The characterization algorithm helps us better measure the properties of oscillatory bursts, which is important for evaluating the performance of a detection algorithm on specific individuals or brain states. In particular, we get distributions of burst amplitude, frequency, and bandwidth. We found variability in these across individuals for gamma in the BLA. Mean frequency of gamma bursts varied from 57 to 72 Hz, and the bandwidth of gamma ranged from 16 to 68 Hz. These individual differences are not entirely surprising. Indeed, there is a strong non-additive genetic component that influences the expression of gamma. This was examined in a study of monozygotic (identical) and dizygotic (fraternal) twins [32]. It was found that visually evoked gamma oscillations were virtually identical for monozygotic twins, but not so for dizygotic. Given that both sets of twins had the same parents and upbringing, it was suggested that a strong synergistic genetic component determined the properties of gamma. Similar results were obtained with other EEG rhythms [33].

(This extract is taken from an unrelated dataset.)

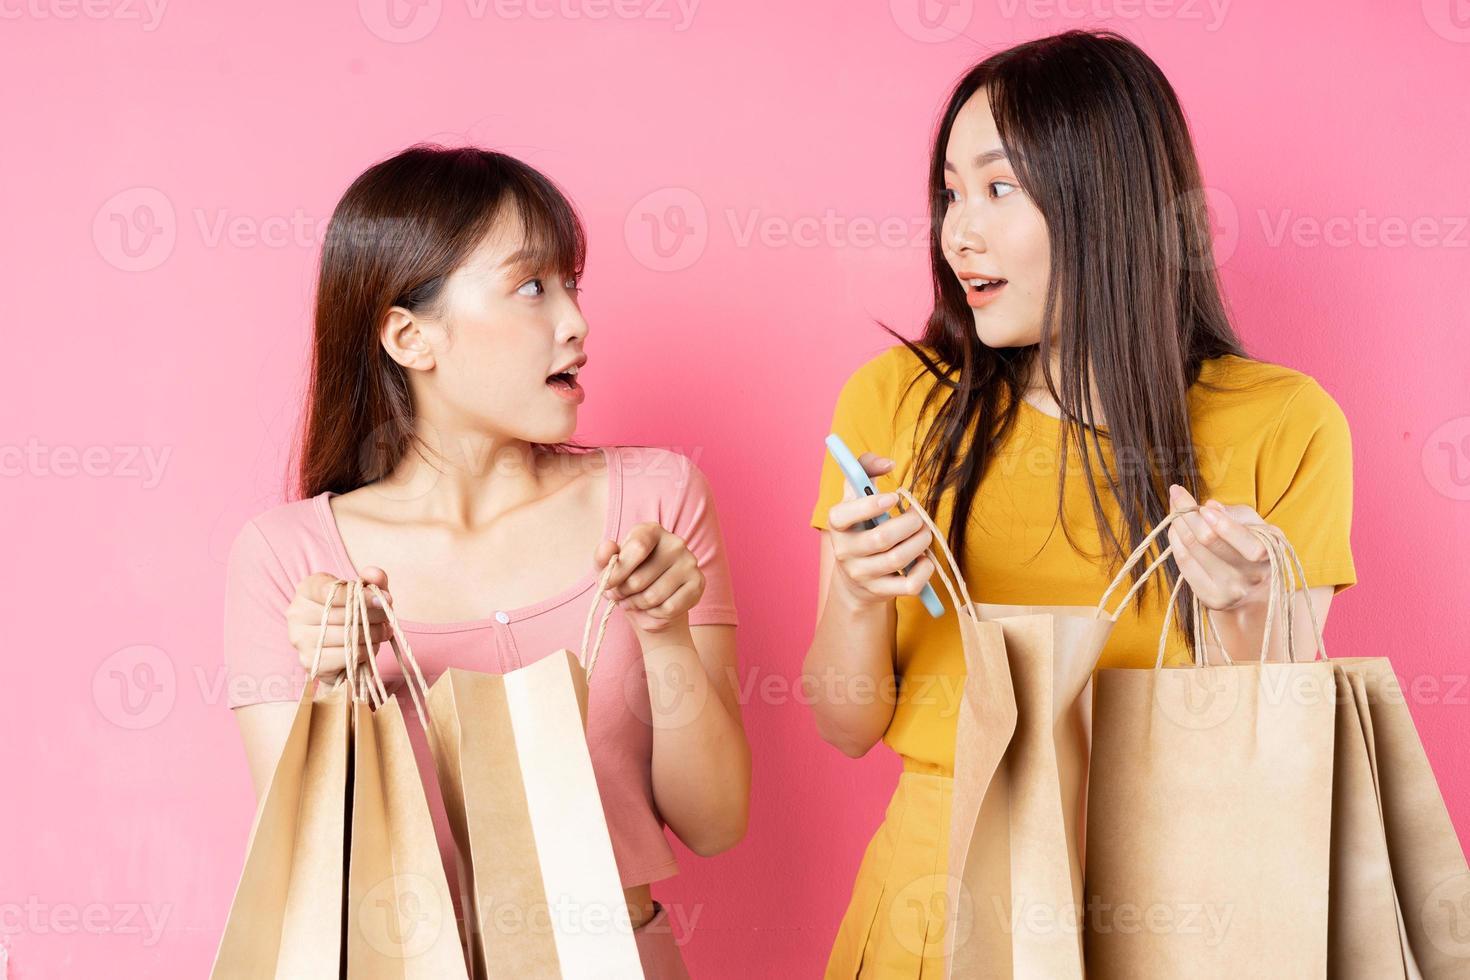 retrato, de, dos, hermoso, joven, niñas asiáticas, tenencia, muchos, bolsas de compras, en, fondo rosa foto

Since gamma has been associated with numerous cognitive processes, this variability may be behaviorally important, [4]. One such process is perceptual binding, where spatially distributed visual features must be integrated to perceive a unitary visual object [34]. Mooney faces, solid black and white images of faces, are stimuli that tap into this ability [35]. Patients with schizophrenia have difficulty recognizing these faces, and this is correlated with diminished gamma oscillations [36]. Moreover, artificially increasing or decreasing gamma power bidirectionally affects memory processing [37].
Besides power and amplitude, variations in oscillatory burst frequency and duration are also important. The frequency of an oscillatory burst is associated with different information processing regimes. Oscillatory bursts in the gamma and beta frequency ranges are induced during distinct phases of a working memory task, with gamma bursts reflecting stimulus encoding and updating, while beta are associated with an idling state [6]. The duration of oscillatory bursts also matters. During quiet resting states and sleep, hippocampal CA1 emits high frequency oscillatory bursts (~150 Hz), known as ripples [38] that are enhanced during cortical communication [39]. Disrupting them experimentally impairs memory consolidation [40]. Importantly, longer duration ripple bursts are associated with memory formation and artificially lengthening them improved spatial working memory [13].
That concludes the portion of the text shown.